Why is it useful to compare and align biosequences?

The alignment depends on the fact that all living organisms are associated by evolution. This uses that the nucleotide (DNA, RNA) and proteins series of the species that are nearer to each other in evolution must exhibit higher similarities.

An alignment is the phase of lining up sequences to obtain a maximal level of identity, which also defines the degree of similarity among sequences. There are two sequences are homologous if they send a common ancestor.

The degree of similarity acquired by sequence alignment can be beneficial in deciding the possibility of homology among two sequences. Such an alignment support decide the relative positions of different species in an evolution tree, which is known as phylogenetic tree.

The issue of alignment of biological sequences can be defined as follows − Given two or more input biological sequences, recognizes same sequences with high conserved subsequences.

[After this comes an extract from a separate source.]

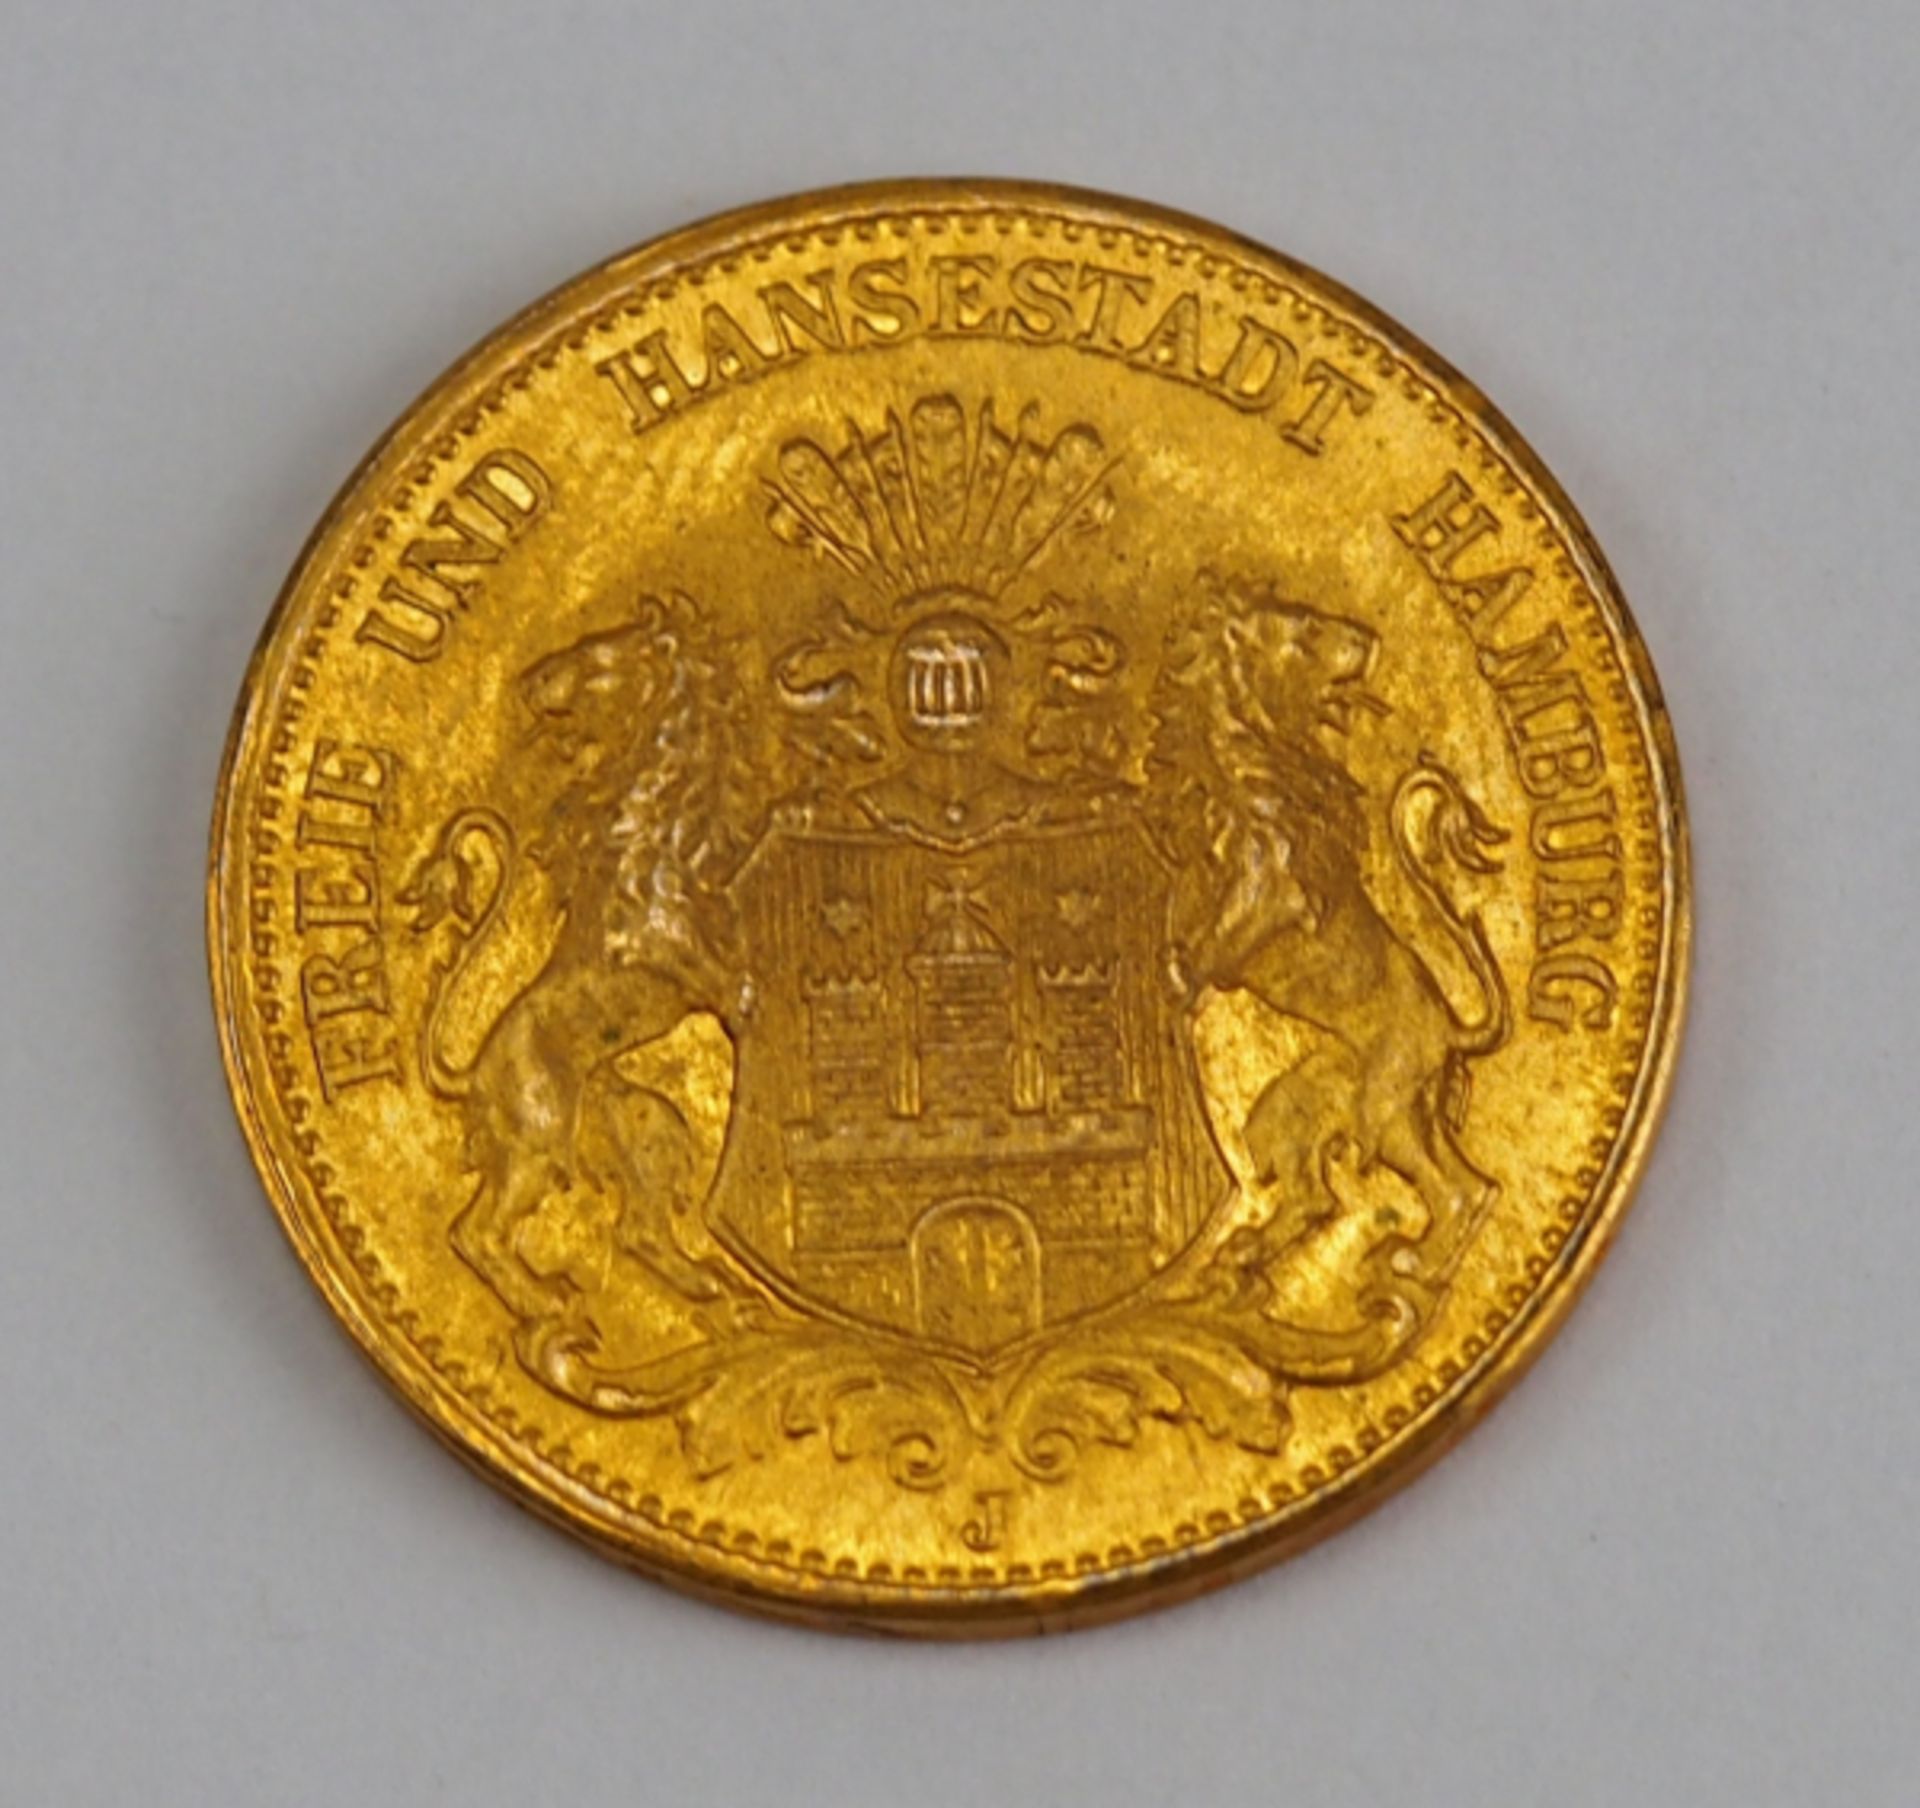 Hamburg: 20 Mark, 1906.Gold, Münzzeichen J.Zustand: I-II- - -23.00 % buyer's premium on the hammer
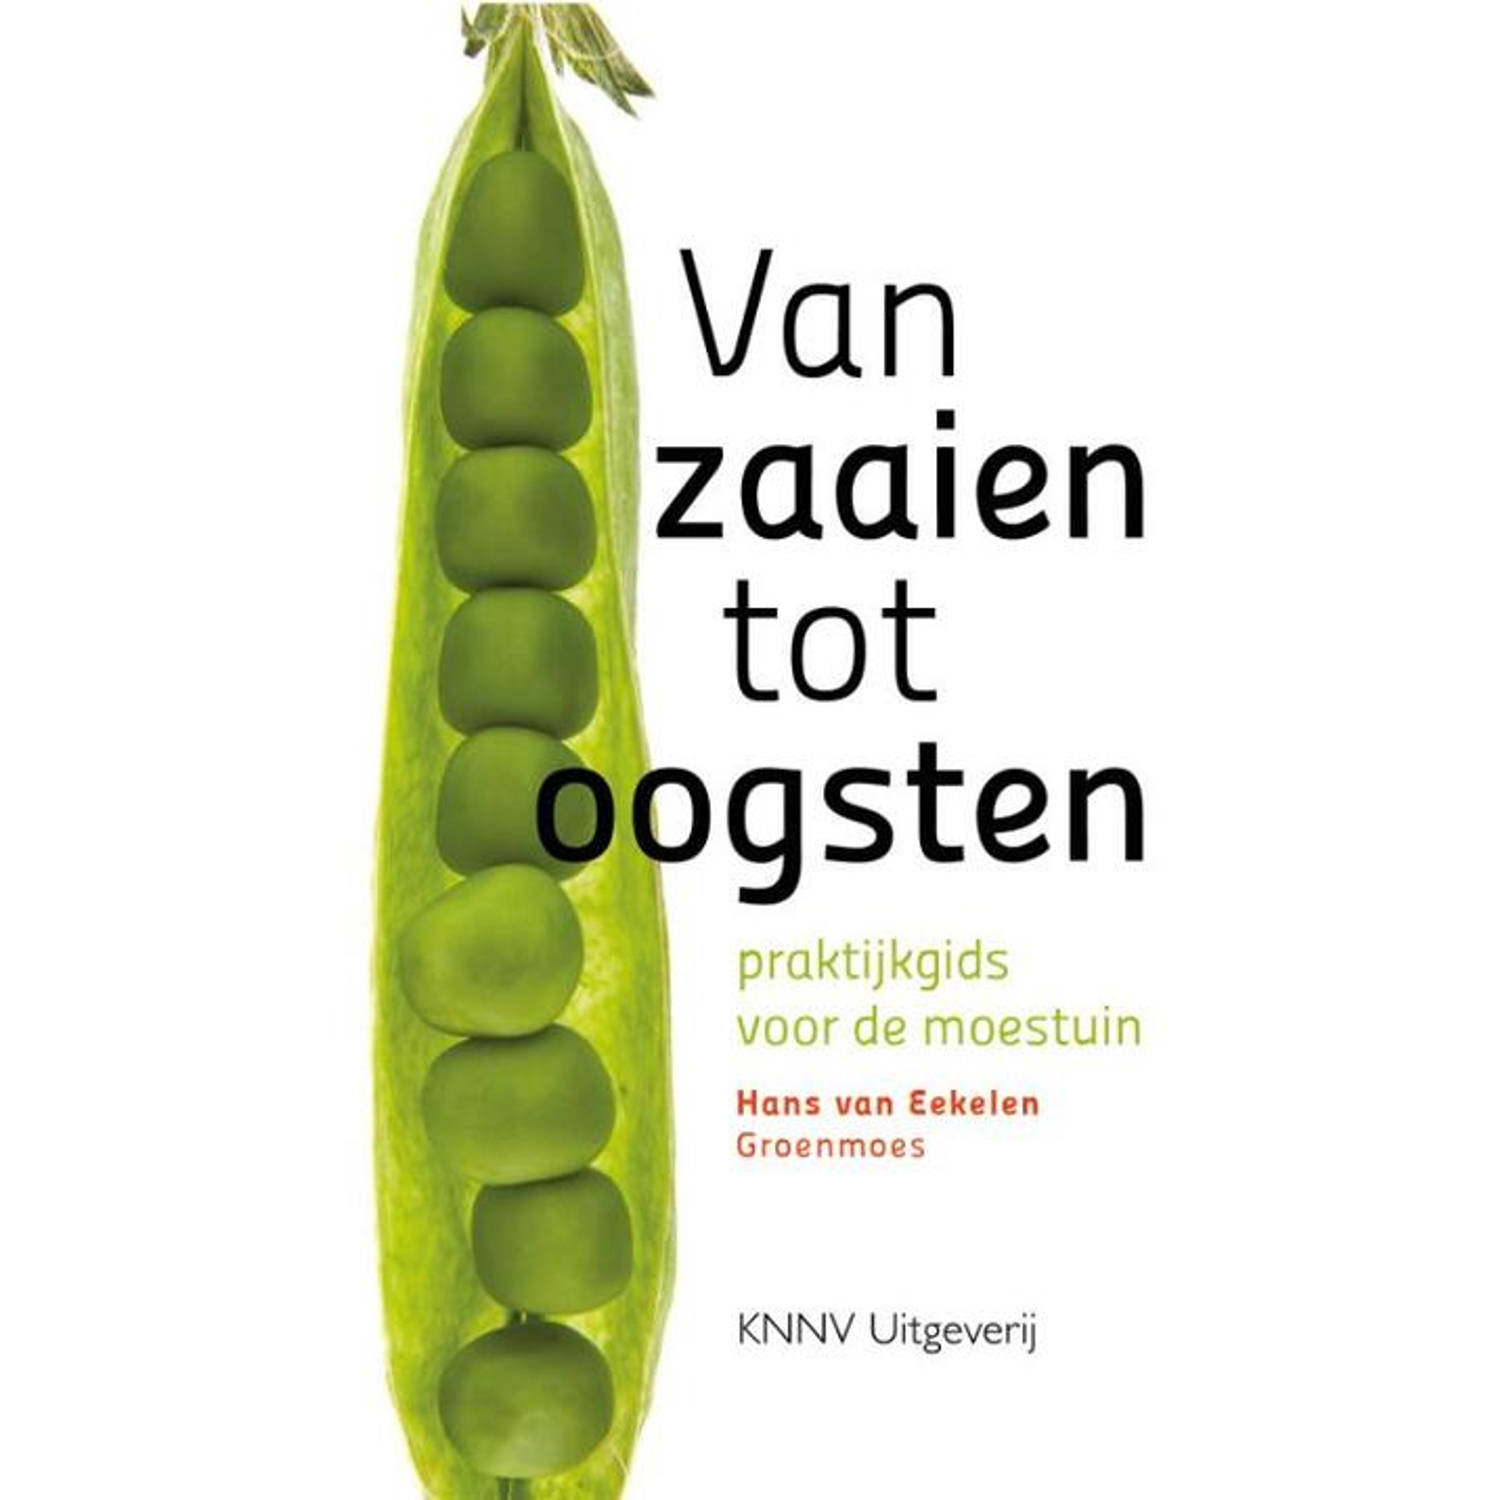 Van zaaien tot oogsten. praktijkgids voor de moestuin, Van Eekelen, Hans, Paperback

If the multiple sequences to be aligned is two, it is known as pairwise sequence alignment; therefore, it is multiple sequence alignment.

The sequences to be distinguished and aligned can be nucleotides (DNA/RNA) or amino acids (proteins). For nucleotides, two symbols align if they are exact. But for amino acids, two symbols align if they are exact, or if one can be changed from the other by substitutions that are appear in nature.

There are two types of alignments including local alignments versus global alignments. The former defines that only areas of the sequences are aligned, whereas the latter needed alignment over the complete length of the sequences.

For nucleotides or amino acids, insertions, deletions, and substitutions appear in nature with multiple probabilities. Substitution matrices define the probabilities of substitutions of nucleotides or amino acids and probabilities of insertions and deletions.

It is frequently uses the gap character, “−”, to denote positions where it is desirable not to align two symbols. It can compute the quality of alignments, a scoring structure is generally defined, which generally counts identical or same symbols as positive scores and gaps as negative ones.

The algebraic sum of the scores is taken as the alignment scope. The objective of alignment is to obtain the maximal score between some possible alignments. However, it is very costly to discover optimal alignment. Hence, there are several heuristic techniques have been developed to discover suboptimal alignments.

A genome is the whole set of genes of an organism. When proteins are required, the equivalent genes are copied into RNA. RNA is a chain of nucleotides. DNA conducts the synthesis of several RNA molecules, each with a specific role in cellular function.